(Records from a data source)
□ □ □ □ □ □ □

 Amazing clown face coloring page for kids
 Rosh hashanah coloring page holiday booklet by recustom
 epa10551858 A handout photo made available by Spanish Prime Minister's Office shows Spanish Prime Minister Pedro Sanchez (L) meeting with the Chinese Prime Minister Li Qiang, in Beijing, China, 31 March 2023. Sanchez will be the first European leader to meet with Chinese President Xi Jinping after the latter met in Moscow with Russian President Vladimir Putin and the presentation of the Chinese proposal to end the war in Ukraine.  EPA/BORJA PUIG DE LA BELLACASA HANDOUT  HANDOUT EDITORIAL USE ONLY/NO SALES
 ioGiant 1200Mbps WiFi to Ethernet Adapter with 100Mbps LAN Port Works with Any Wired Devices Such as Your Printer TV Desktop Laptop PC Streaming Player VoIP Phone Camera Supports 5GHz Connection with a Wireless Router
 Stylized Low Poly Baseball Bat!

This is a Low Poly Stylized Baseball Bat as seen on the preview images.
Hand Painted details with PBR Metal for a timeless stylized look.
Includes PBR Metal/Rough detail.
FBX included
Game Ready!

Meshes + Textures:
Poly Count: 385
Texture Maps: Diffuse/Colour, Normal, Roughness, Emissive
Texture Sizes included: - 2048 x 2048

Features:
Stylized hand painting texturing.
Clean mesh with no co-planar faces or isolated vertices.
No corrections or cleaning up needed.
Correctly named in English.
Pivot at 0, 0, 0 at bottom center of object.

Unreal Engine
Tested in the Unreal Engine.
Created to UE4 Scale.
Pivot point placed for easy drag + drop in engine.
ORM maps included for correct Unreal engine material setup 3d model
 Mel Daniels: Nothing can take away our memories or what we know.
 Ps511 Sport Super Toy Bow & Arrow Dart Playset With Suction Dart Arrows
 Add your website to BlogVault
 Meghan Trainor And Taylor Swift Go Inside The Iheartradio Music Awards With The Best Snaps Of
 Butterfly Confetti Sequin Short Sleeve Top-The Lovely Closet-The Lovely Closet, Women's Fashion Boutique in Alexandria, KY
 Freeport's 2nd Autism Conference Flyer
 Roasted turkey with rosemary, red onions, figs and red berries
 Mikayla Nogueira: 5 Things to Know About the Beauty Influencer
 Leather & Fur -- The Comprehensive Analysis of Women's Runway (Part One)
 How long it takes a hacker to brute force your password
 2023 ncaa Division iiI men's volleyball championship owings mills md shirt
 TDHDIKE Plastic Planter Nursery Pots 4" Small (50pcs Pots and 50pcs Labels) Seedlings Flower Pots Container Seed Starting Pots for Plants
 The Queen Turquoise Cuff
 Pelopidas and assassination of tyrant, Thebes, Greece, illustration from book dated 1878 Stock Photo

□ □ □ □ □ □ □

[DIRECTIONS] Word for word, write out every entry shown above.

[REPLY]
 Amazing clown face coloring page for kids
 Rosh hashanah coloring page holiday booklet by recustom
 epa10551858 A handout photo made available by Spanish Prime Minister's Office shows Spanish Prime Minister Pedro Sanchez (L) meeting with the Chinese Prime Minister Li Qiang, in Beijing, China, 31 March 2023. Sanchez will be the first European leader to meet with Chinese President Xi Jinping after the latter met in Moscow with Russian President Vladimir Putin and the presentation of the Chinese proposal to end the war in Ukraine.  EPA/BORJA PUIG DE LA BELLACASA HANDOUT  HANDOUT EDITORIAL USE ONLY/NO SALES
 ioGiant 1200Mbps WiFi to Ethernet Adapter with 100Mbps LAN Port Works with Any Wired Devices Such as Your Printer TV Desktop Laptop PC Streaming Player VoIP Phone Camera Supports 5GHz Connection with a Wireless Router
 Stylized Low Poly Baseball Bat!

This is a Low Poly Stylized Baseball Bat as seen on the preview images.
Hand Painted details with PBR Metal for a timeless stylized look.
Includes PBR Metal/Rough detail.
FBX included
Game Ready!

Meshes + Textures:
Poly Count: 385
Texture Maps: Diffuse/Colour, Normal, Roughness, Emissive
Texture Sizes included: - 2048 x 2048

Features:
Stylized hand painting texturing.
Clean mesh with no co-planar faces or isolated vertices.
No corrections or cleaning up needed.
Correctly named in English.
Pivot at 0, 0, 0 at bottom center of object.

Unreal Engine
Tested in the Unreal Engine.
Created to UE4 Scale.
Pivot point placed for easy drag + drop in engine.
ORM maps included for correct Unreal engine material setup 3d model
 Mel Daniels: Nothing can take away our memories or what we know.
 Ps511 Sport Super Toy Bow & Arrow Dart Playset With Suction Dart Arrows
 Add your website to BlogVault
 Meghan Trainor And Taylor Swift Go Inside The Iheartradio Music Awards With The Best Snaps Of
 Butterfly Confetti Sequin Short Sleeve Top-The Lovely Closet-The Lovely Closet, Women's Fashion Boutique in Alexandria, KY
 Freeport's 2nd Autism Conference Flyer
 Roasted turkey with rosemary, red onions, figs and red berries
 Mikayla Nogueira: 5 Things to Know About the Beauty Influencer
 Leather & Fur -- The Comprehensive Analysis of Women's Runway (Part One)
 How long it takes a hacker to brute force your password
 2023 ncaa Division iiI men's volleyball championship owings mills md shirt
 TDHDIKE Plastic Planter Nursery Pots 4" Small (50pcs Pots and 50pcs Labels) Seedlings Flower Pots Container Seed Starting Pots for Plants
 The Queen Turquoise Cuff
 Pelopidas and assassination of tyrant, Thebes, Greece, illustration from book dated 1878 Stock Photo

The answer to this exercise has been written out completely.